大きな事件はあったものの、残された休暇の時間はわずか。だが、それを楽しむように、屋敷には穏やかな笑い声が戻ってきた。


ミーナは猫たちと、庭の芝の上を駆け回り、リリアーナとイザベルと一緒に秘密基地づくりを始めていた。木陰に毛布を広げ、お茶ごっこやお店屋さんごっこに夢中になる三人。

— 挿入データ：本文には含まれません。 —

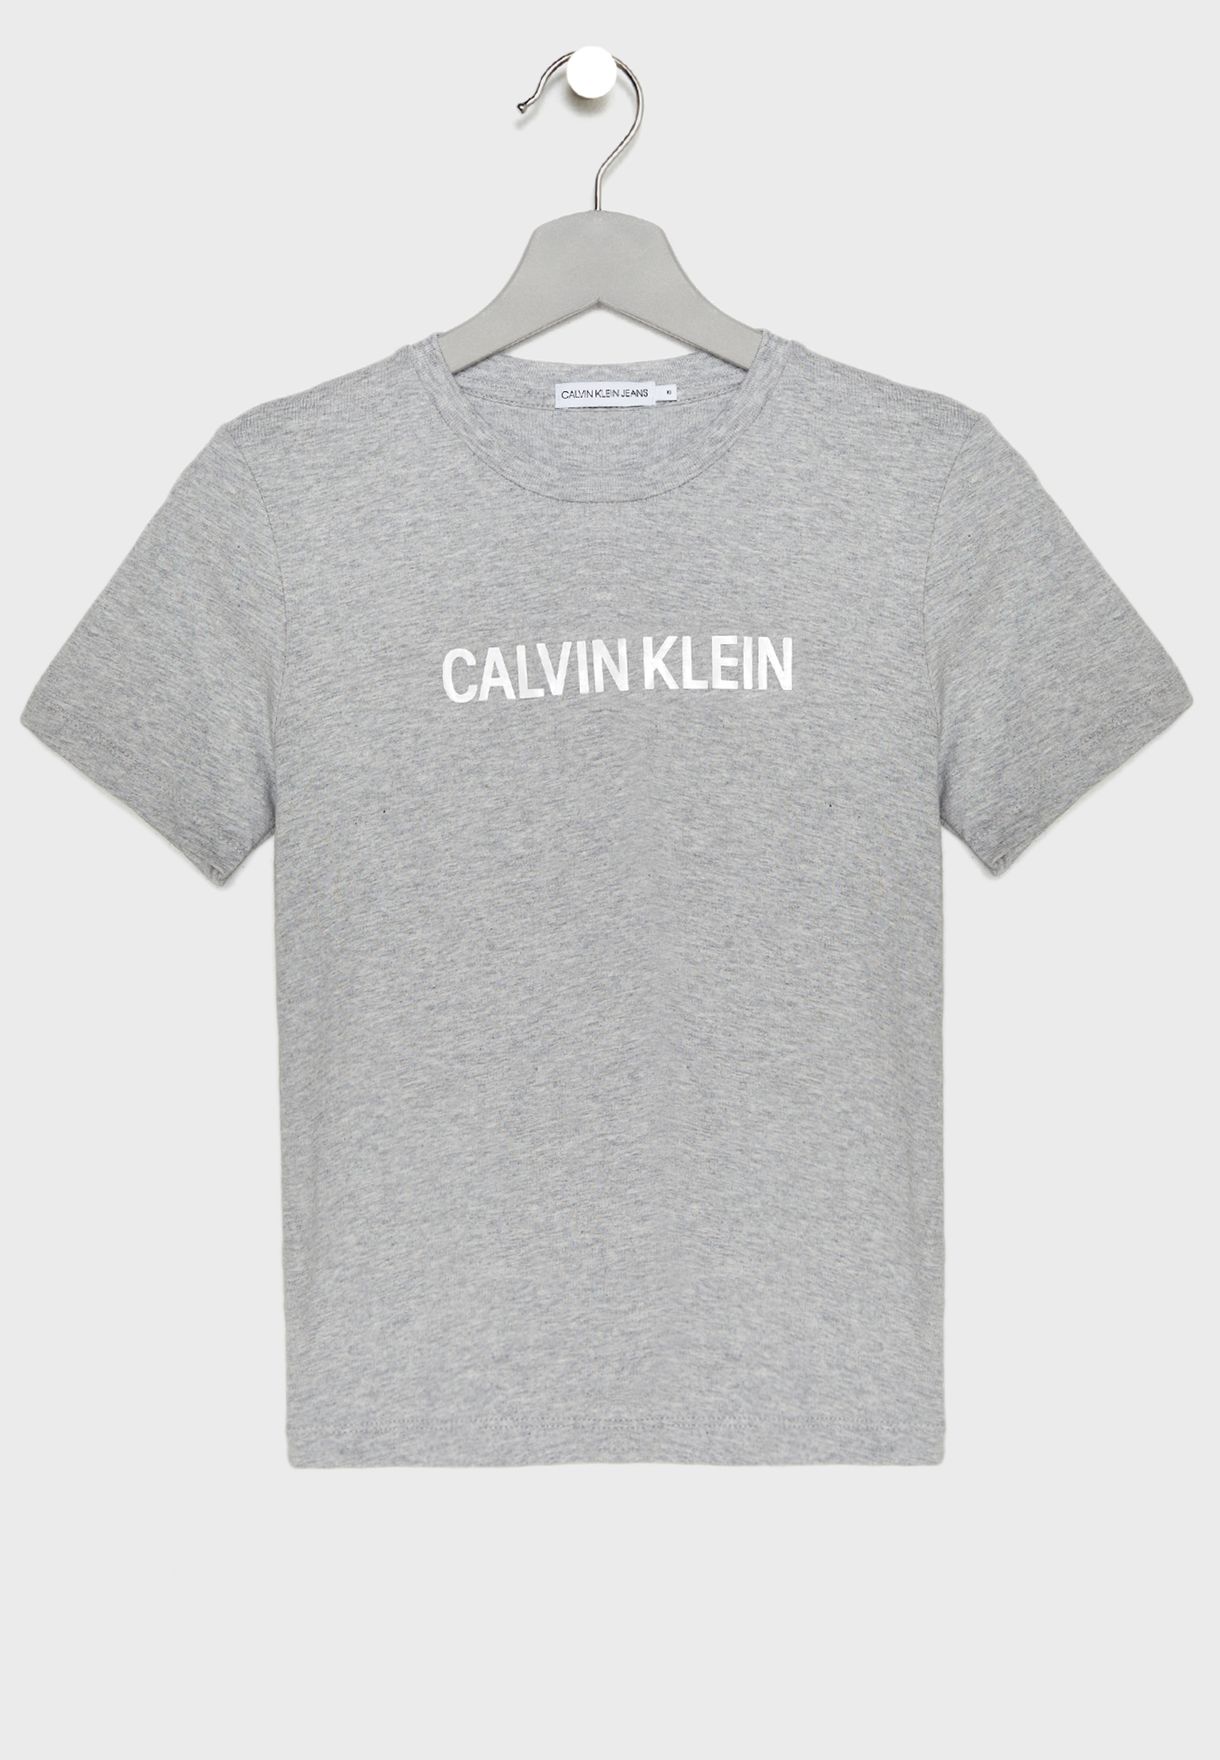 calvin klein kids shirt
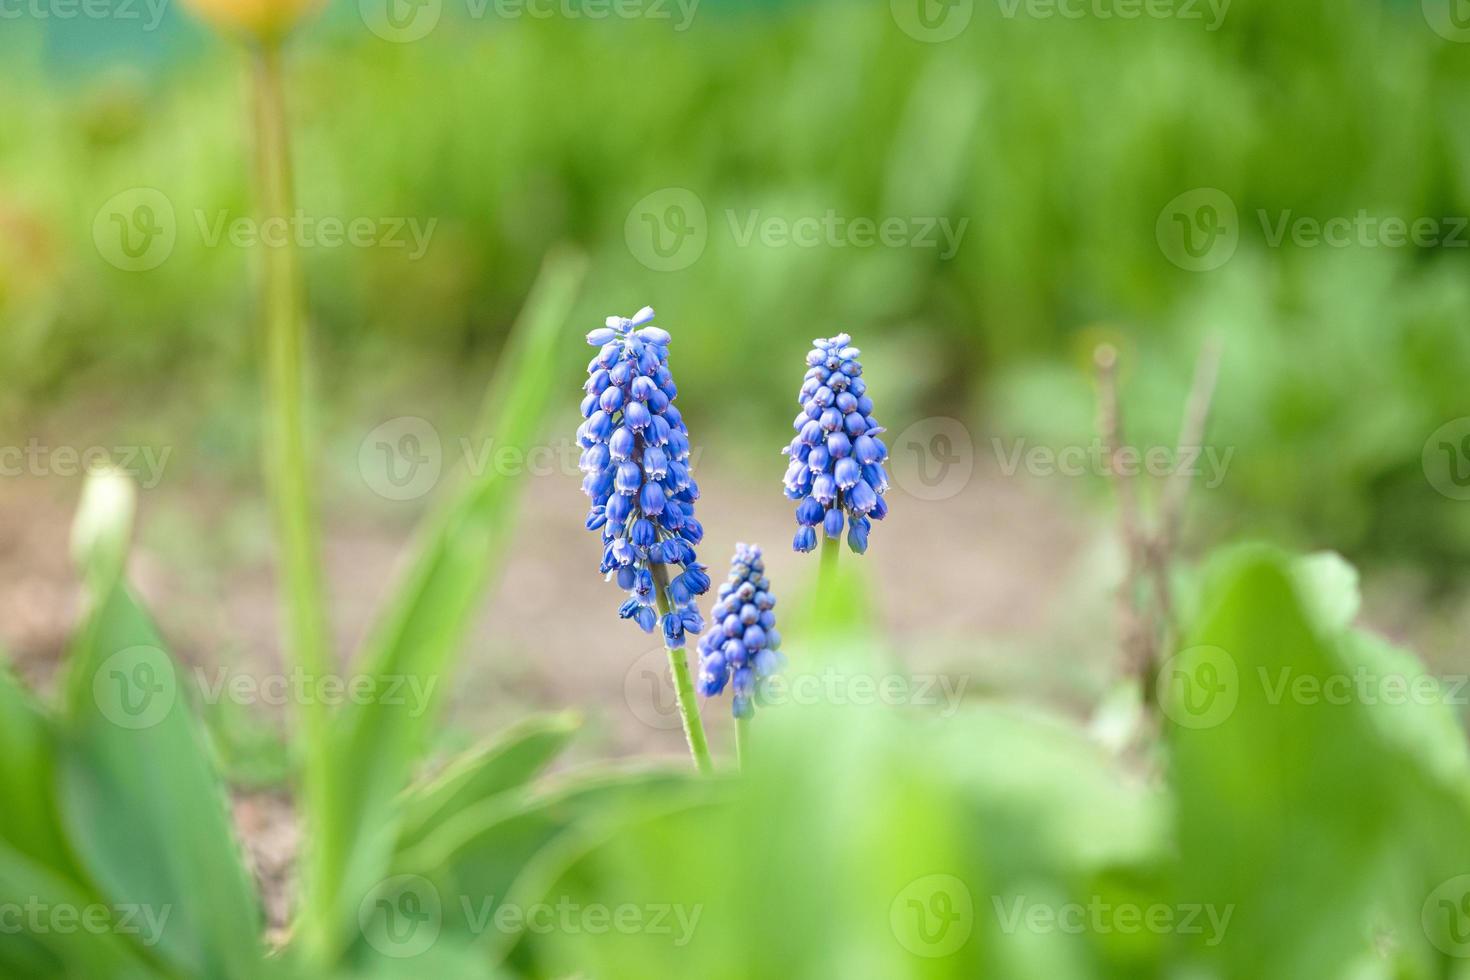 Blue muscari flower plants spring blooming season selective focus photo

「いらっしゃいませ~! 本日のおやつはクッキーとにゃんこまんじゅうでーす!」


「おいしそー、ミーナ、いっぱい買うー!」


「ねぇねぇ、看板もっと可愛くしようよ、リリアーナ!」


と、はしゃぐ少女たちの声が風に乗って屋敷の中まで届く。


その一方――。


「そこが甘い!」


「ぐぇっ! ま、またですか父さん……」


裏庭では、ルークが木剣を持ってアベルにしごかれていた。


「お前、自分の体を守る気あんのか!? そんなんじゃ農具を構えても一撃でやられるぞ」


「畑仕事に殺気はいらないと思うんですけどぉ!?」


「甘い! 畑を守る農夫は最前線だ!」


顔を真っ赤にして振り下ろすルークの剣は、また軽く受け流された。


一方、屋敷のサロンでは、セレナがレイナに張り付いていた。


「ねえ、レイナさん! わたしにも魔法って使えるようになります!? 火とか氷とか、あと召喚獣とか!」


「召喚はちょっと特殊なのよ? 魔力適性もあるし……まずは基礎のエレメントコントロールからね」


「や、やっぱりそっからなんですね!?」


「でも、セレナさんなら意外と向いてるかもしれないわ。あなた、直感的で勢いがあるもの」


「ほ、褒められてるのかな!?」


サロンの奥では、メイドたちが静かにティーセットを整えながら微笑んでいる。


ギャリソンは変わらず控えめに給仕をし、時折ミーナたちの遊びを見に中庭へ出ていた。


こうして、再び平穏な日々が戻ってくる。


まるで何事もなかったかのように――けれど確かに、何かが変わった。


空気が澄み、森がやさしく息づく。


ミーナの笑顔は、まるでそれを祝福しているかのように、光の中で輝いていた。